Momentum building for Predator Free Wellington

18 February 2019

Wellington has seen a huge increase in wildlife in recent years while more and more Wellingtonians are getting involved in making our city predator free.

Predator Free Wellington infographic

Already, over 6,500 households are actively involved in trapping across the city, and Wellington City Council is supporting over 30 volunteer groups who are checking many of the 2,900 traps set in council reserves.

An astounding 34,900 predators have been caught in recent years – at least 24,400 in backyards and over 10,500 in the city’s parks and reserves. That is more predators caught than the number of seats in the Westpac Stadium.

Now Wellington City Council and Predator Free Wellington want to better understand who is involved and what people think about the Predator Free Wellington project. When we first surveyed Wellingtonians in 2017, we found 84% were supportive of ridding the city of rats, stoats, weasels and possums. The initial survey also found that more than two out of three residents are willing to be actively involved in the project. 

We are calling on Wellington residents to complete the short online survey (5-10 minutes) and go in the draw to win 1 of 5 X $50 New World supermarket vouchers.

Predator Free Wellington Project Director James Willcocks is excited about the amount of support from the Wellington community: “We are constantly amazed by the number of people involved in the project. Every day I hear stories of more people getting involved, who has caught the biggest rat, or the incredible lizards and birds turning up in people’s backyards. Whether you are trapping or not, we are keen to get your views on the project so we can make sure what we are doing is well understood and continues to be well supported by Wellingtonians.”

The City Council’s Predator Free Wellington Portfolio Leader, Councillor Andy Foster, is a keen trapper himself. He is impressed at the initial outcomes of the project.

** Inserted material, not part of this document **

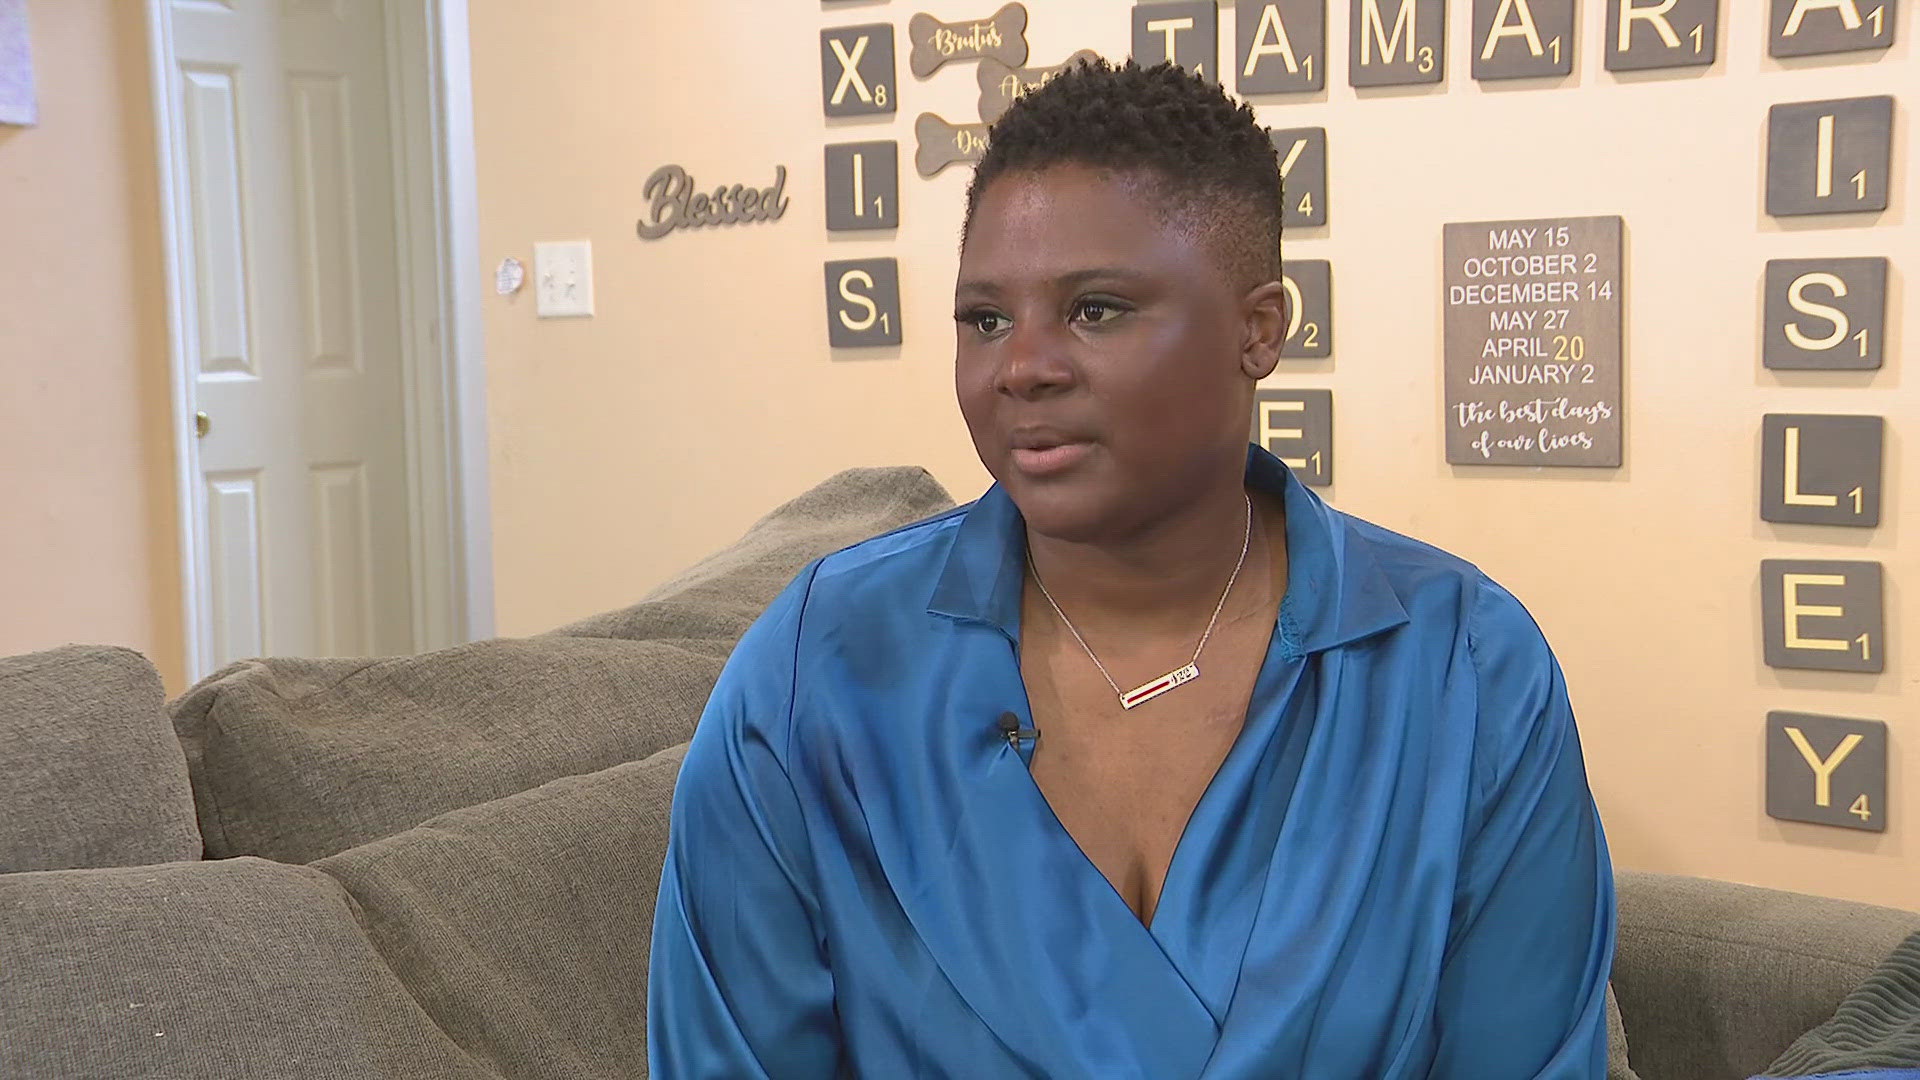 Alexis Bohannon, Officer Tamarris Bohannon's widow, opens up about what it was like to confront her husband's killer.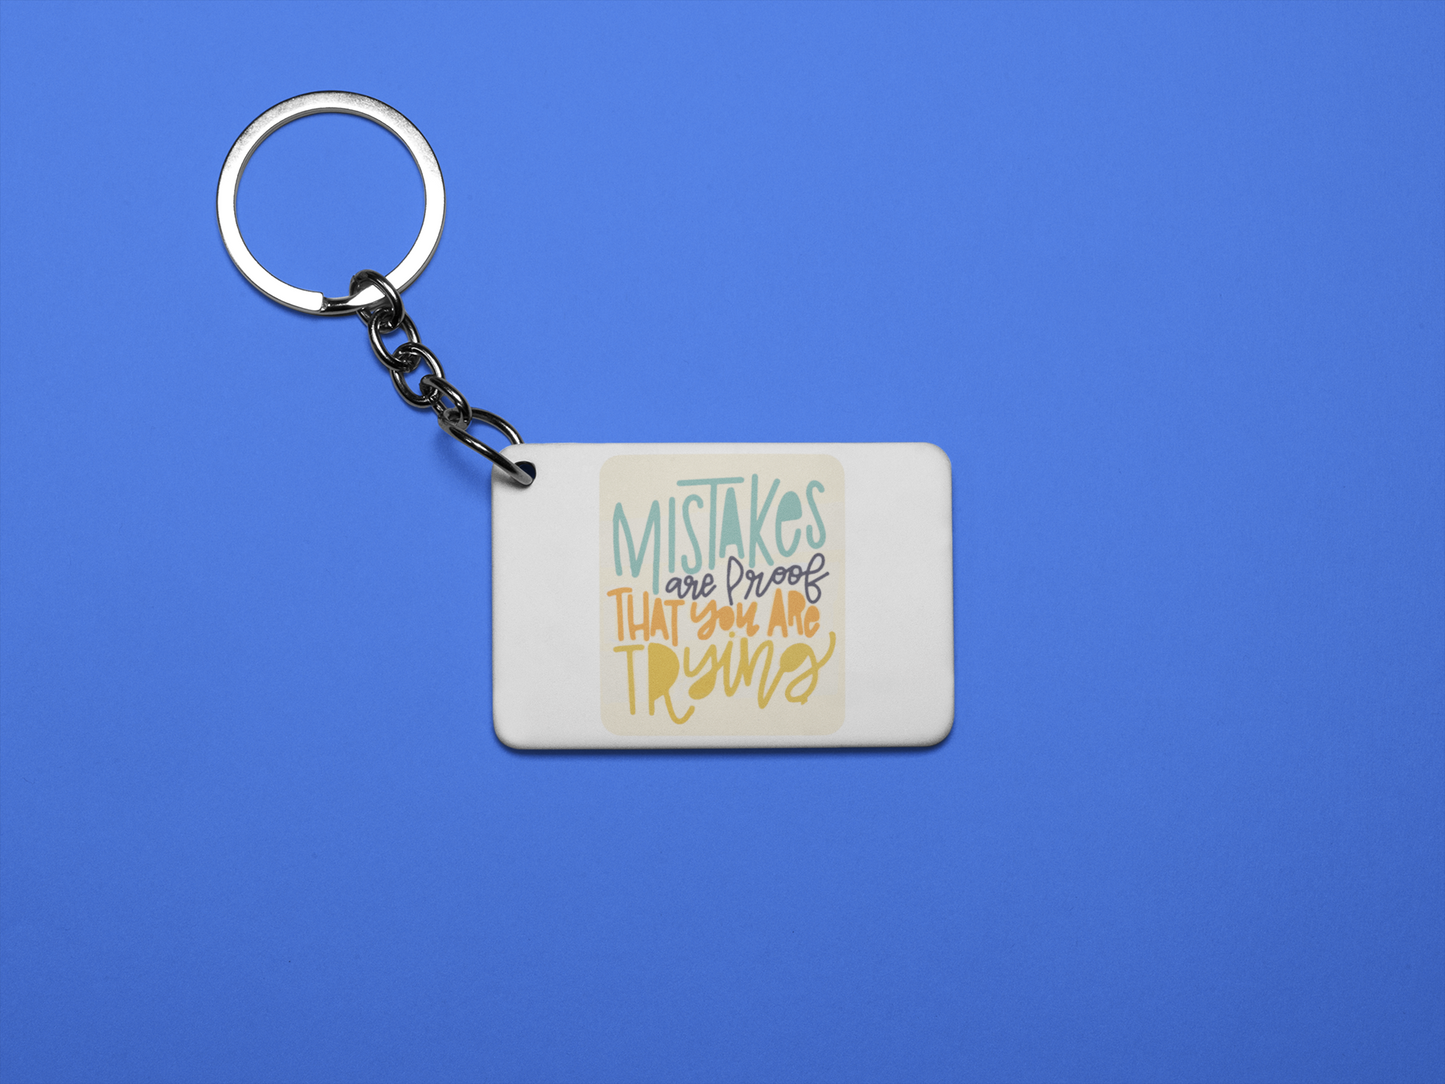 Mistakes are proof keychain

“People are noticing the return of native birds and lizards to their backyards, and ecological surveys are confirming that native fauna is definitely on the increase in Wellington. We have seen massive increases in tui, kākā, kererū and kākāriki in Wellington in recent years, off the back of council and community pest control, and habitat protection and restoration.”

“Becoming predator free is the next major step in our city’s environmental restoration journey and builds on over 25 years of land protection, active and natural revegetation, and the great work of Zealandia, our councils and thousands of community volunteers in reserves. Now there is a lot of planning, research and community engagement as we prepare to eradicate rats and mustelids from Miramar peninsula,” he adds.

Currently, the predator free focus is on eradicating rats, weasels and stoats from the Miramar Peninsula along with a long-term strategy for extending this throughout Wellington City. The Miramar Peninsula was chosen as the initial area of focus as it has been possum free since 2006, and as a peninsula is more easily defendable from predator reinvasion. 

While work proceeds in Miramar, the project and its partners Wellington City Council, Greater Wellington Regional Council and the NEXT Foundation, will continue to support predator control in reserves and backyards across the city, especially surrounding wildlife hotspots around Zealandia, Otari Wilton’s Bush and Khandallah Park.